In reply to purplemonkeyelephant:
Depends what you mean by "dynamic resistance". I know, that 20 year old heavily used ropes almost certainly hold the requisite number factor two falls, so are perfectly safe. You'd maybe not want to take the number of factor two falls in the manual minus one, but they're safe.
What's probably the case is that they stretch less, so the fall is harder on your body. If you're expecting to take really big falls (Rhapsody level), use a new rope. And more importantly, let any rope that has absorbed a huge fall rest for up to two weeks to recover its dynamic stretch.

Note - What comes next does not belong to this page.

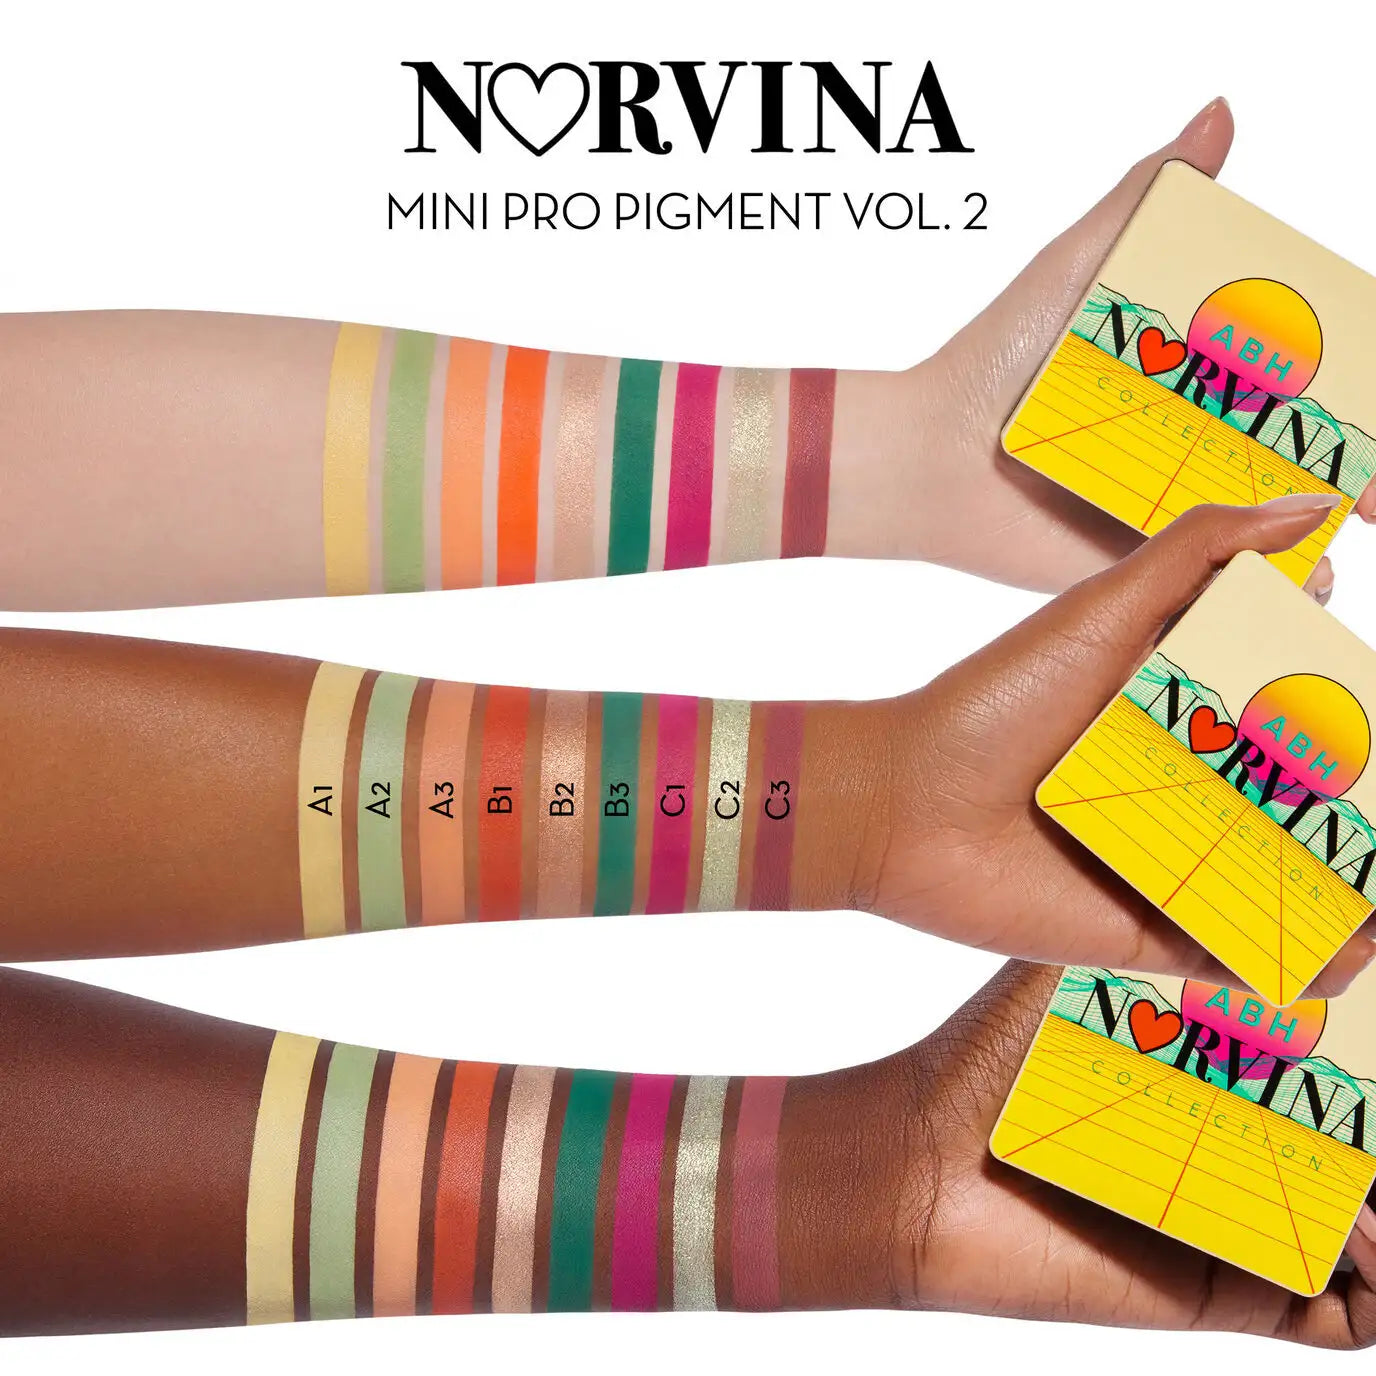 Mini NORVINA® Pro Pigment Palette Vol. 2 Arm Swatches 
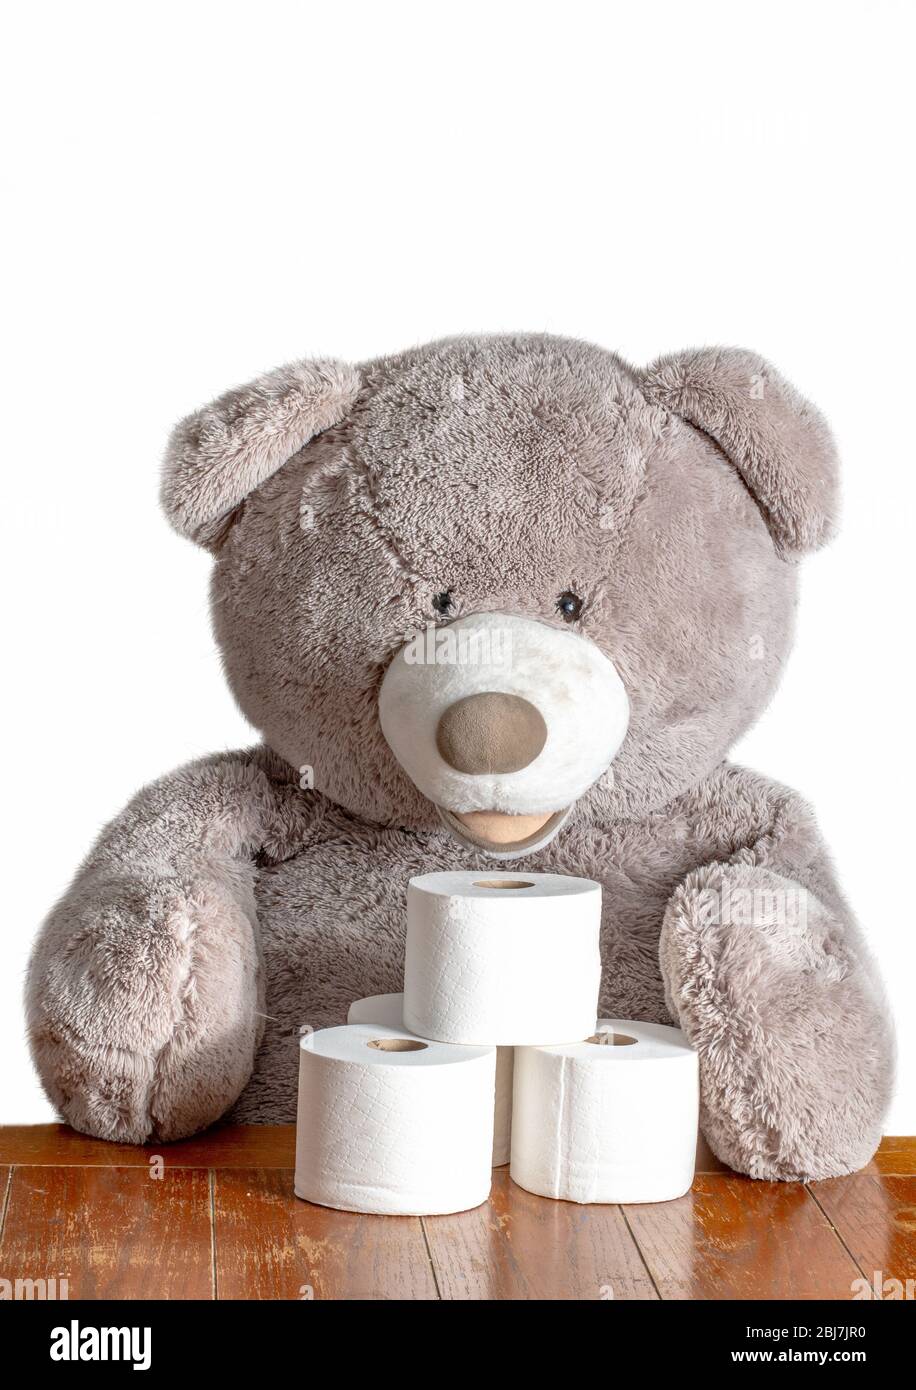 Un grand ours en peluche est assis avec des rouleaux de papier toilette, en disant à chacun d'arrêter de hoarding et de partager le TP! Banque D'Images

Based on research done by the alpine clubs, it is also true, that ropes shear more readily when loaded over a sharp edge after relatively little use. This is where your 50 descents might come from. The conclusion from that research was, that for a maximum of safety you'd want to get a new rope every week. Since nobody has that kind of money, another way of looking at it is that loading the rope over an edge is always dangerous and where talking about a subgroup of duller edges where in some cases the new rope might hold while the old wouldn't. It isn't as if one would kill you, the other wouldn't, but that with a brand new rope your chances are better in a specific range of cases. Outside that range you're dead or fine either way.
As the reduction is asymptotic, it doesn't matter all that much whether you replace your rope after 4 or 5 years.
If you go by handling and gut feeling, you'll be replacing your rope far sooner than necessary anyway, so it's best to stick to that any not worry about marginal properties in special circumstances.